Dans ses deux premiers films, Le cou de la girafe etL'empreinte de l'ange, qu'il avait coécrits, Safy Nebbou proposait des variations sur le thème de la crise d'identité. Même si L'autre Dumas s'inscrit dans un genre très différent, et procède d'une tout autre démarche, les préoccupations habituelles de l'auteur cinéaste figurent néanmoins au coeur de cette comédie dramatique historique «en costumes».

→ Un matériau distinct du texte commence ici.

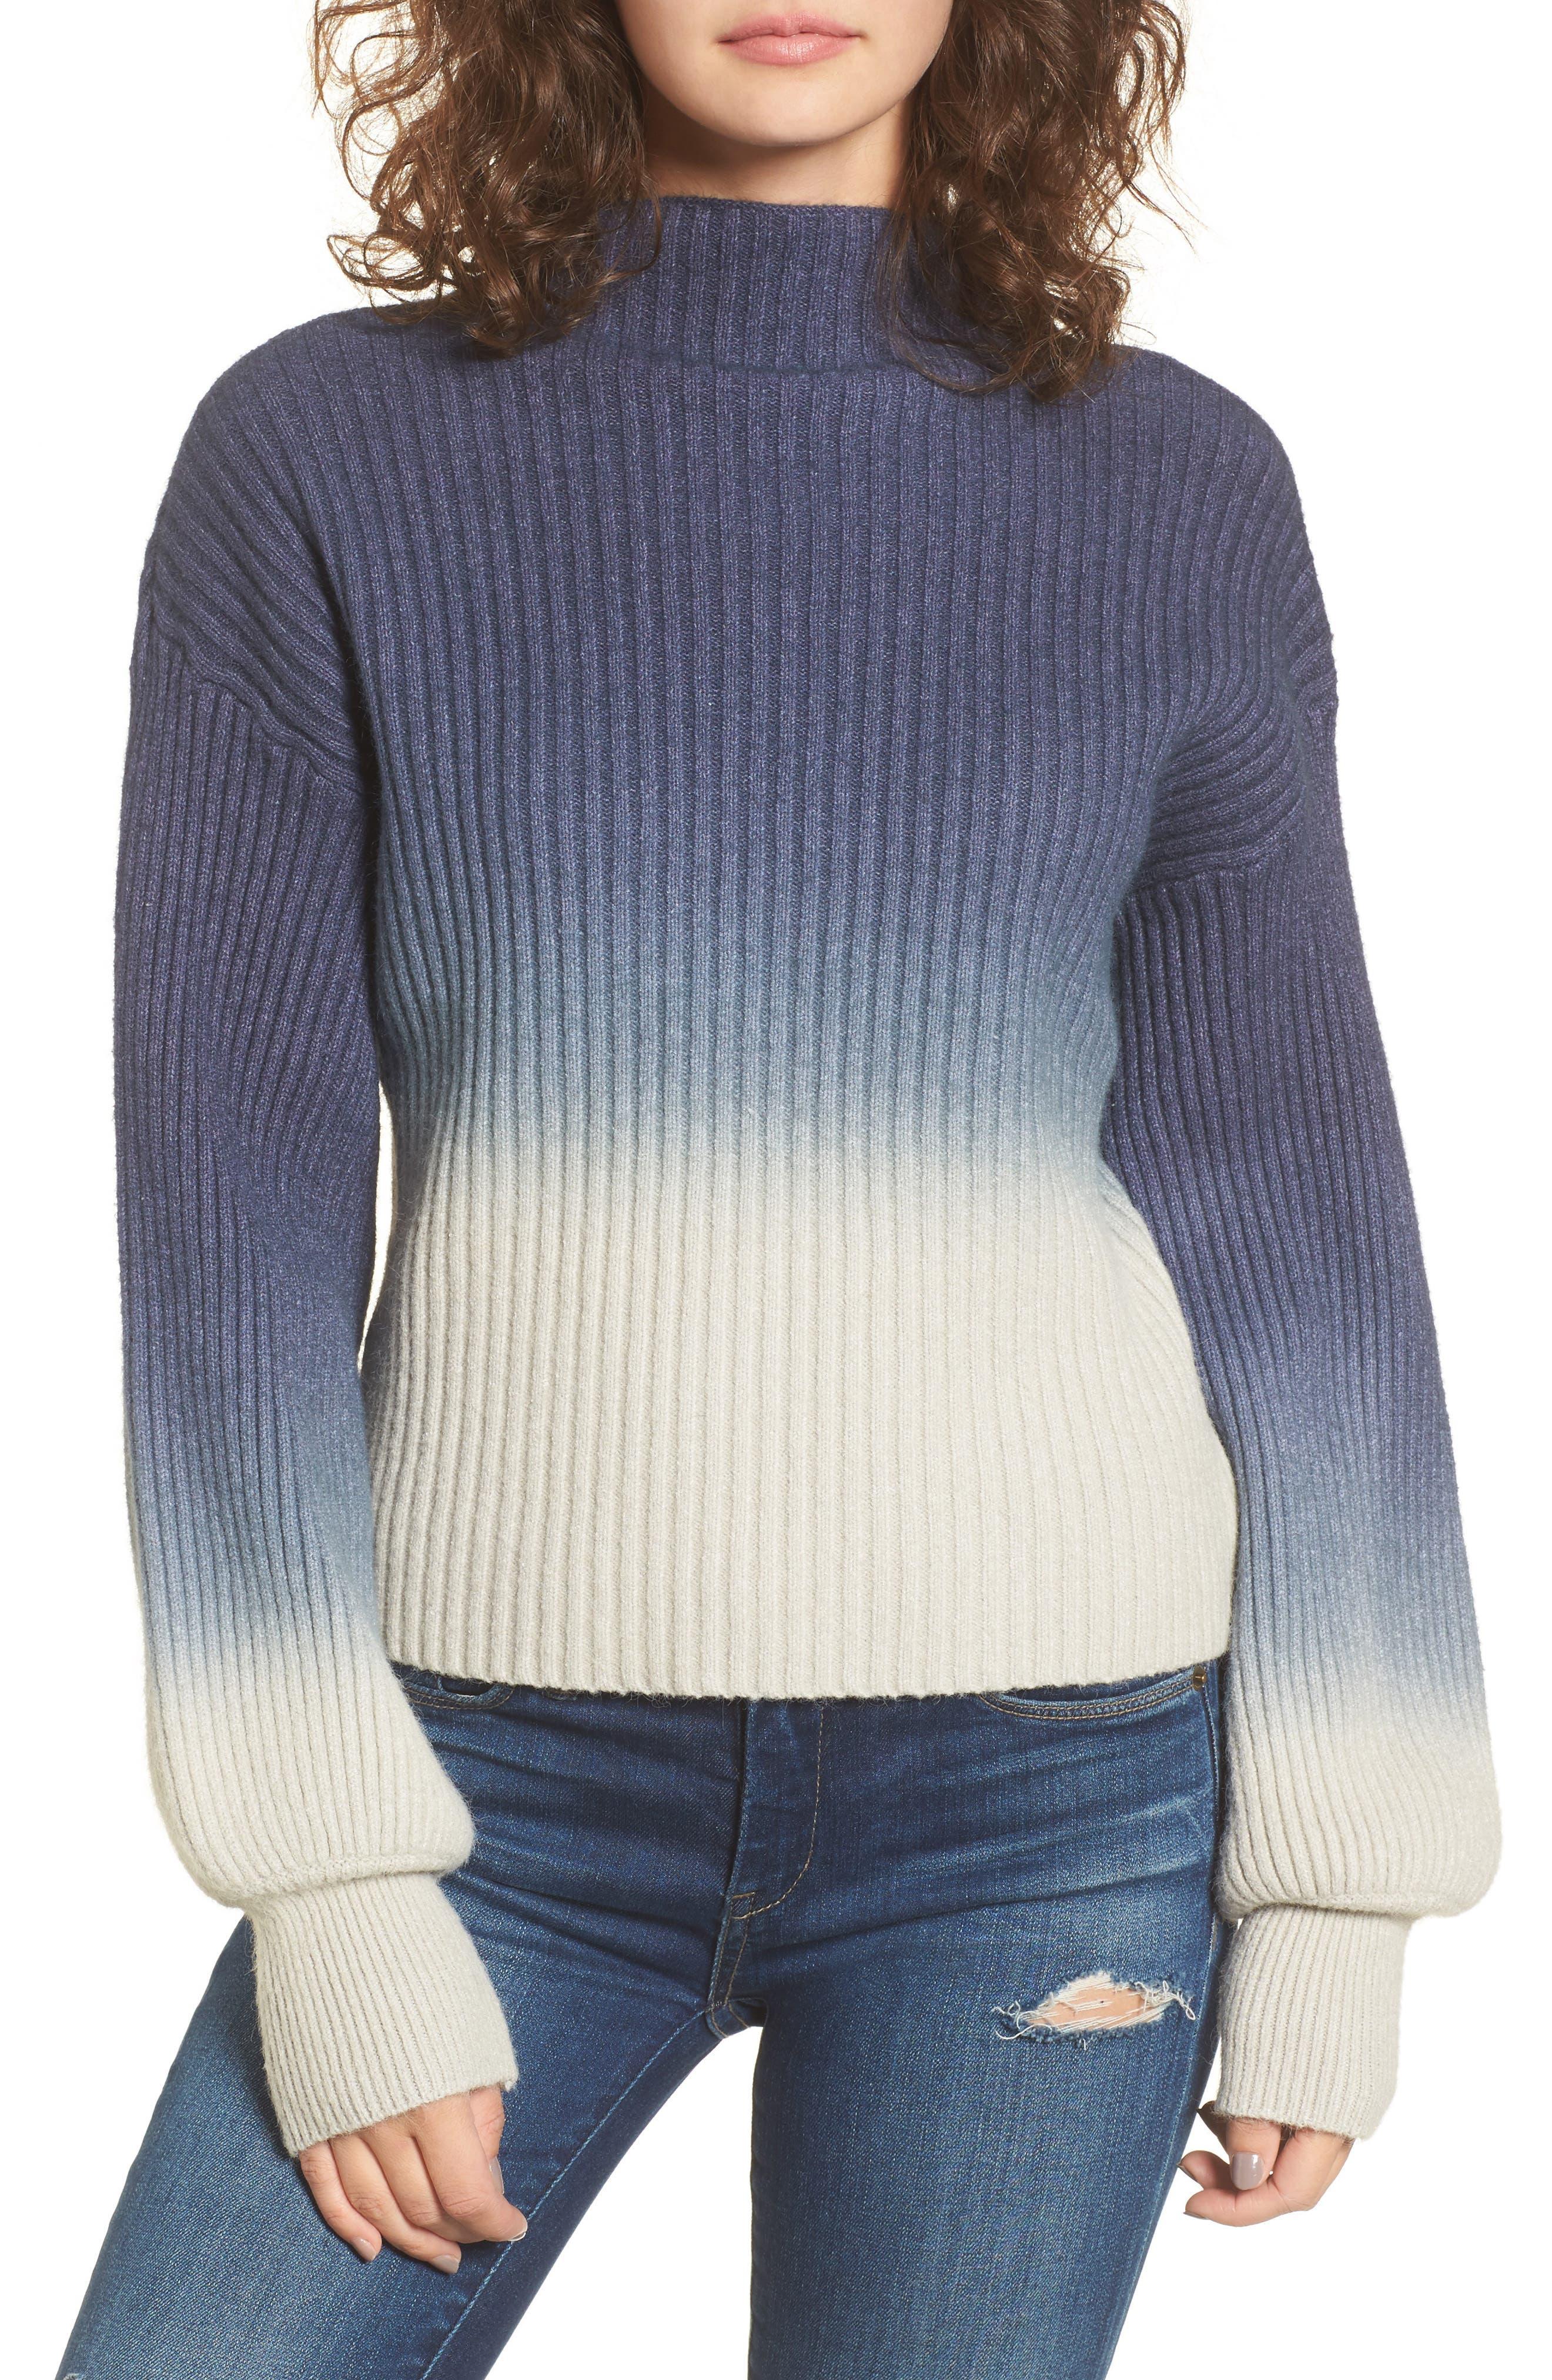 Ombré Sweater,                             Main thumbnail 1, color,                             Blue/ White
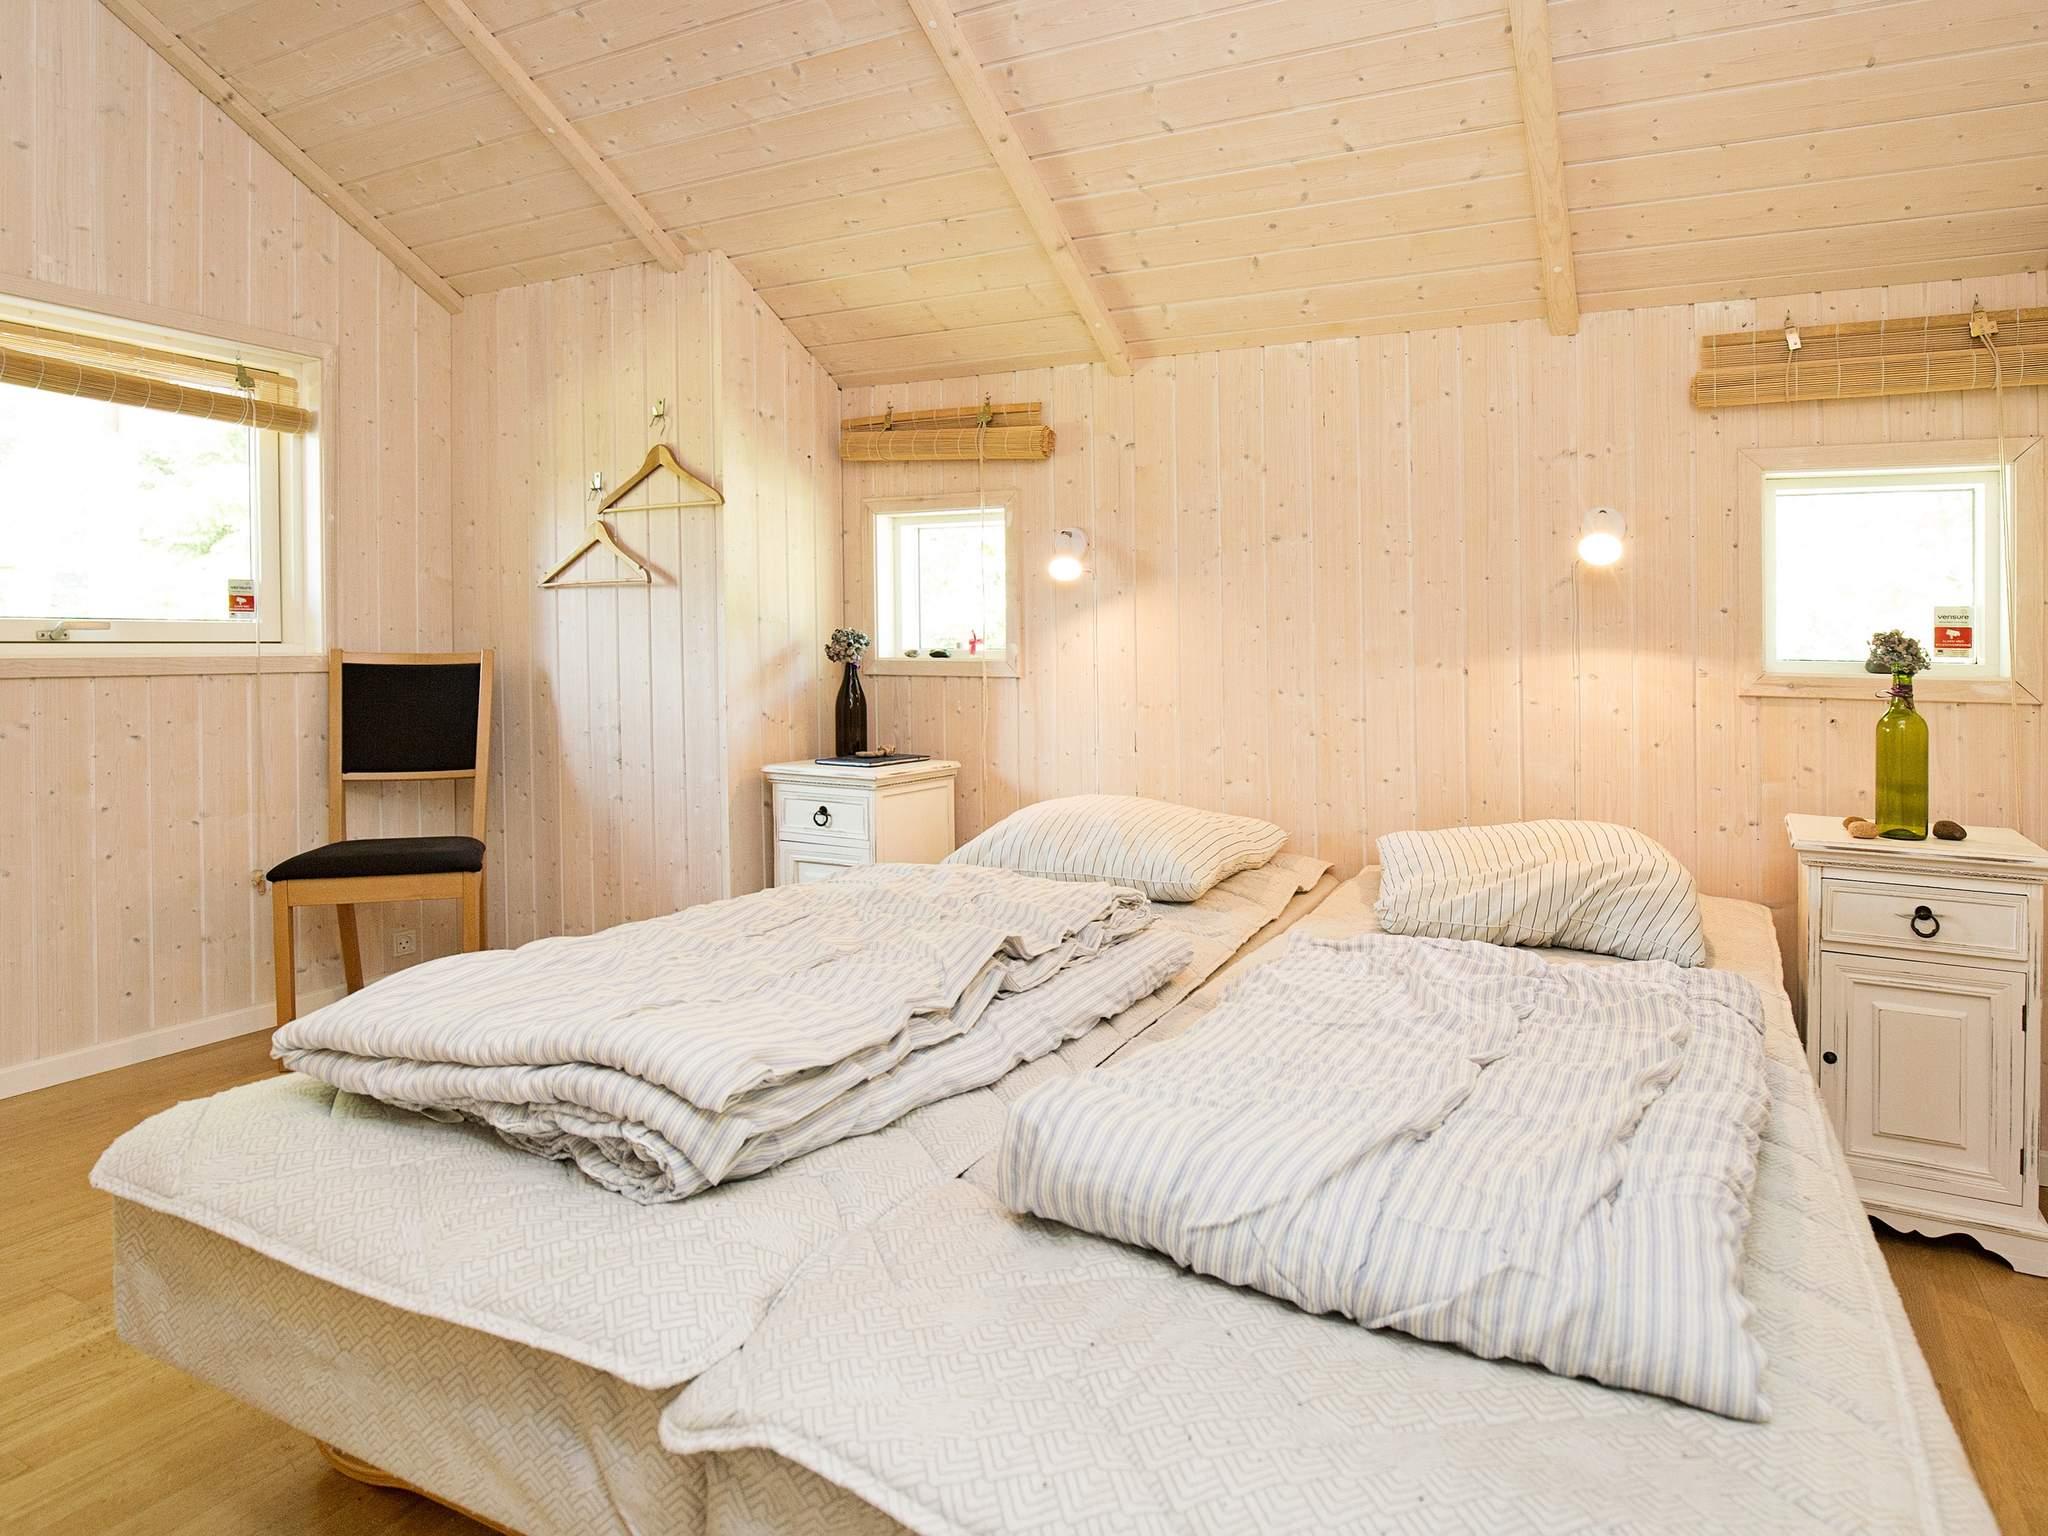 Ferienhaus Veddinge Bakker (216923), Asnæs, , Westseeland, Dänemark, Bild 10

«C'est le premier film de commande que j'accepte; le premier qui m'ait fait vraiment envie, déclarait d'entrée de jeu le réalisateur au cours d'une interview accordée à La Presse dimanche dernier à Paris. Je sentais que je pouvais faire ce film mien, même s'il s'agit d'une commande. Quand on m'en a proposé la réalisation, l'idée m'a plu tout de suite à cause de la dynamique particulière qui lie les deux hommes. L'autre Dumas n'est pas un film biographique. Auquel cas, je ne l'aurais tout simplement pas fait.»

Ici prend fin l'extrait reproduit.